Güneş ışınları, çıplak gözle baktığımızda gözümüze zarar verir. Hatta güneş tutulması sırasında Ay, Güneş'i neredeyse tam olarak örttüğü zaman bile. Bu sırada hava alacakaranlık olsa da güneş ışınları gözümüze kalıcı zarar verecek derecede kuvvetlidir. Bu nedenle, güneş gözlemi yaparken zararlı ışınları engelleyen özel filtreli güneş tutulması gözlükleri kullanılır. Normal güneş gözlükleri, isli cam, film gibi malzemeler gözümüzü Güneş'in zararlı ışınlarından koruyamaz. Güneş'e, tam tutulma anı dışında hiçbir zaman doğrudan bakmamamız gerekir.
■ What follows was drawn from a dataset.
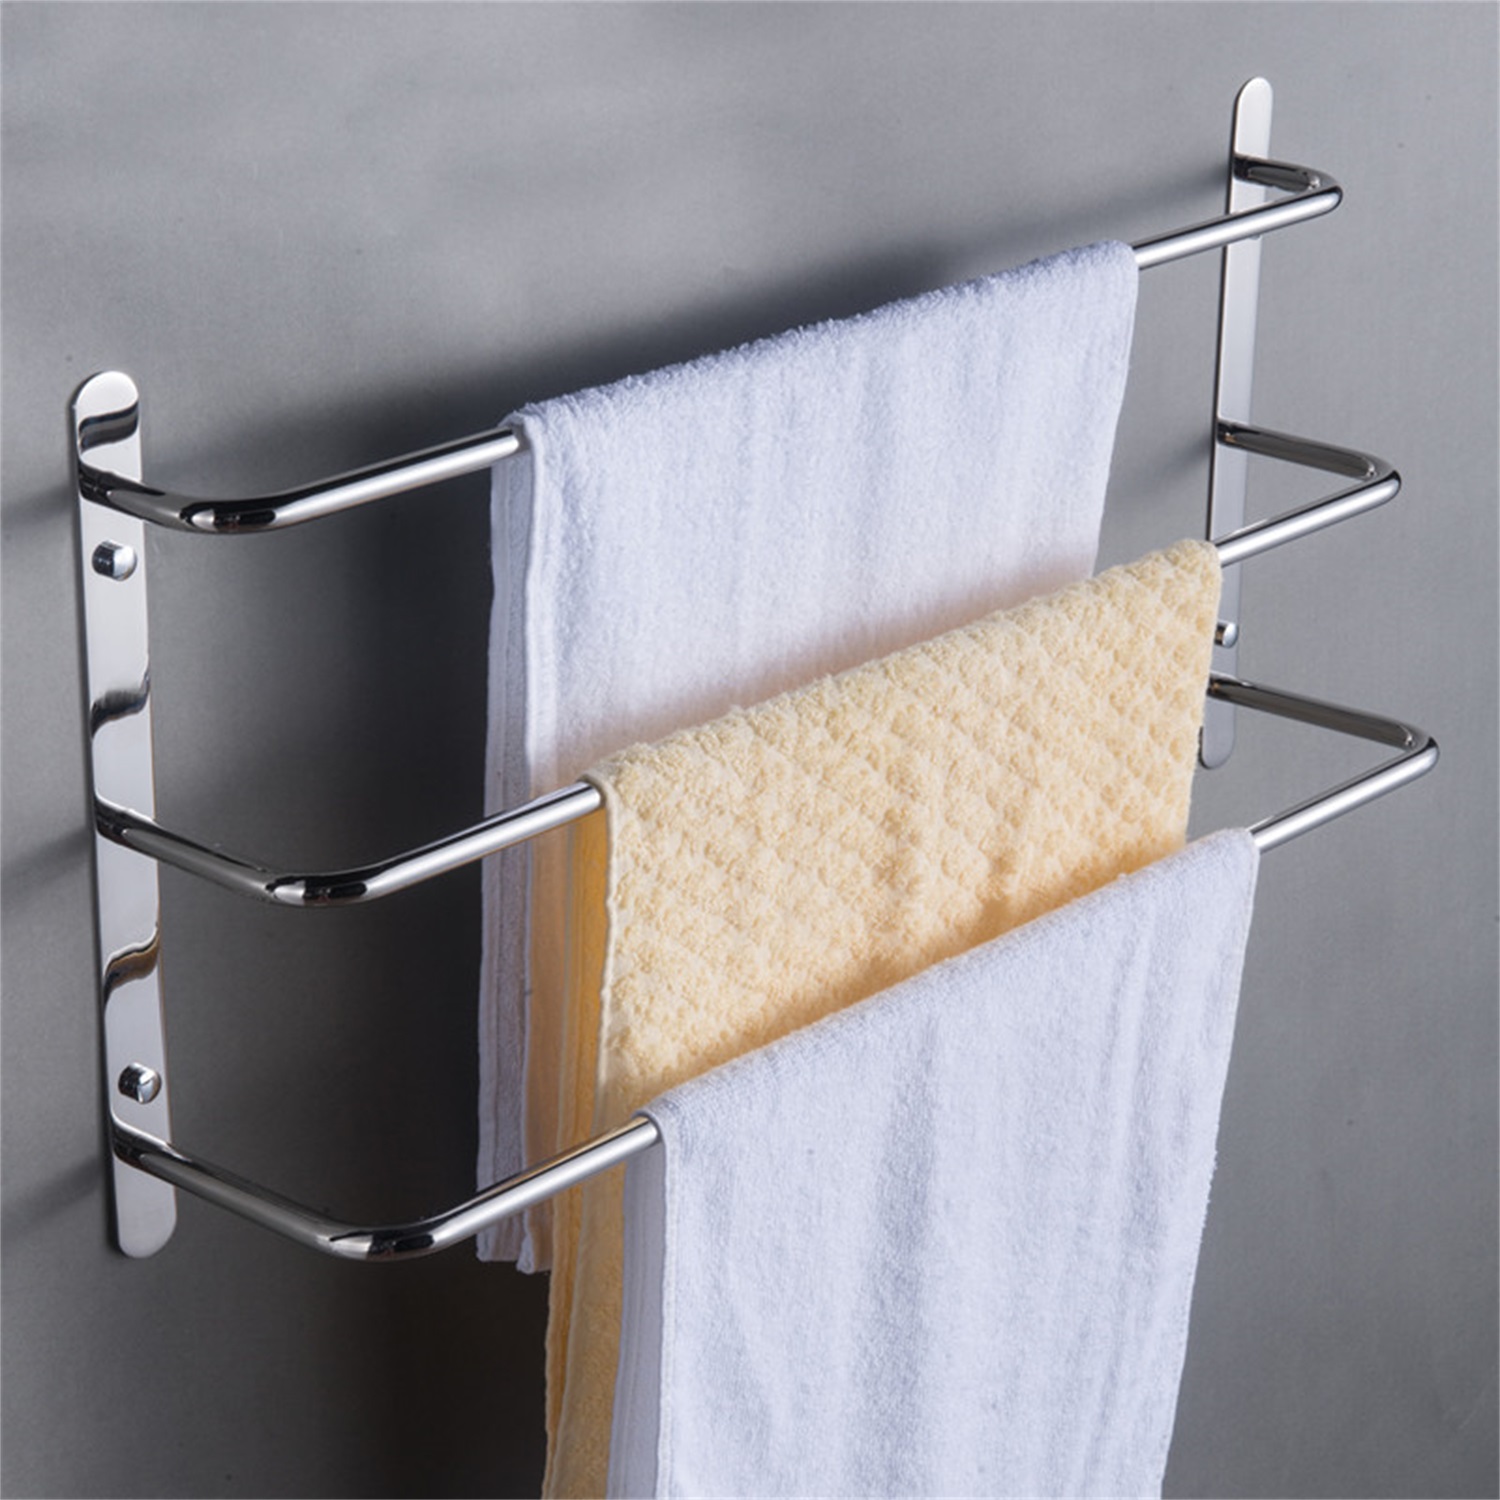 Lowestbest 304 Stainless Steel Three Towel Bars, Wall Mounted Multilayer Towel Rack, Bathroom Accessories Metal Rod, 18" Silver - image 1 of 7
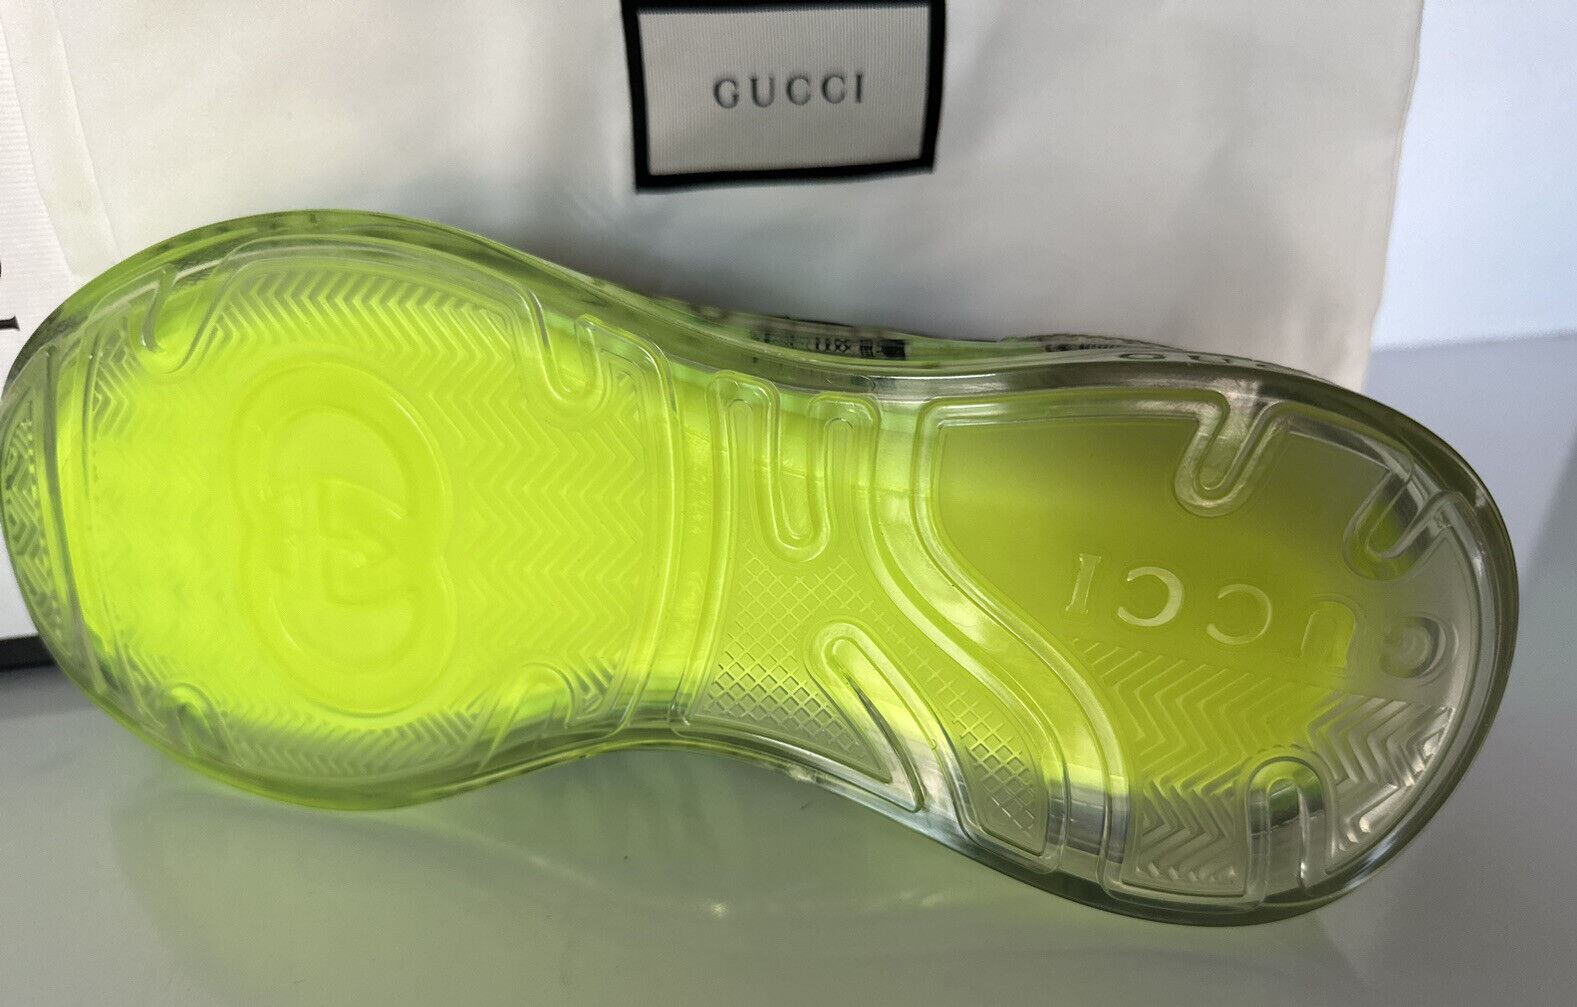 NIB Gucci Ultrapace R Sneakers in Schwarz und Grün 8,5 US (Gucci 8) 620337 IT

Tam tutulma anı, Ay'ın Güneş'i tümüyle örttüğü andır.

  İnsanlar, tehlikeli olmasına rağmen neden yanardağların çevresine yerleşir?

Yanardağların patlaması sonucu çevreye saçılan volkanik kül ve magmanın soğumasıyla pek çok mineral yerin derinliklerinden yüzeye çıkar. Daha sonra bu maddeler, güneşten gelen enerji, nem ve çeşitli gazlarla etkileşimine bağlı olarak, fiziksel ve kimyasal bakımdan aşınırlar. Tüm bu süreçler sonucunda volkanik topraklar oluşur. Mineral yönünden zengin olan volkanik topraklar, Dünya'nın yüzeyinin %1'ini kaplamasına rağmen dünya nüfusunun %10'unu besler. Yanardağların çevresindeki arazilerin tarım için elverişli ve verimli olması nedeniyle potansiyel tehlikelerine rağmen insanlar, bu bölgeleri yerleşim alanı olarak kullanır.

  Köpek balıkları neden sürekli yüzmek zorundadır?

Balıkların bir çoğunda, yüzerken suda dengede durmalarını sağlayan yüzme kesesi bulunur. Köpek balıklarında yüzme kesesi yoktur. Bundan dolayı birçok köpek balığı sürekli yüzmek zorundadır, aksi takdirde batarlar. 

  Paslanmaz çelik neden paslanmaz?

Çelik; demir, bakır, kalay gibi birçok elementten oluşan bir alaşımdır. Demirin oksijenle tepkimesi sonucunda pas denen madde oluşur. Pas aktiftir ve daha fazla pas oluşmasına sebep olur. Çeliğe paslanmazlık özelliğini veren krom elementidir. Krom, yeterli miktarda olduğunda yüzeyde oksitlenme sonucu krom oksit tabakası oluşur. Bu tabaka, alaşımın ışıltılı görünmesine sebep olur. Aynı zamanda bu tabaka suyun ve havanın malzemeye ulaşmasını elgellediği için yıpranmanın içe doğru yayılmasını önler. Ayrıca bu tabaka bozulduğu takdirde kolaylıkla yeniden oluşabilir.

  Köpek balıkları neden geriye doğru yüzemez?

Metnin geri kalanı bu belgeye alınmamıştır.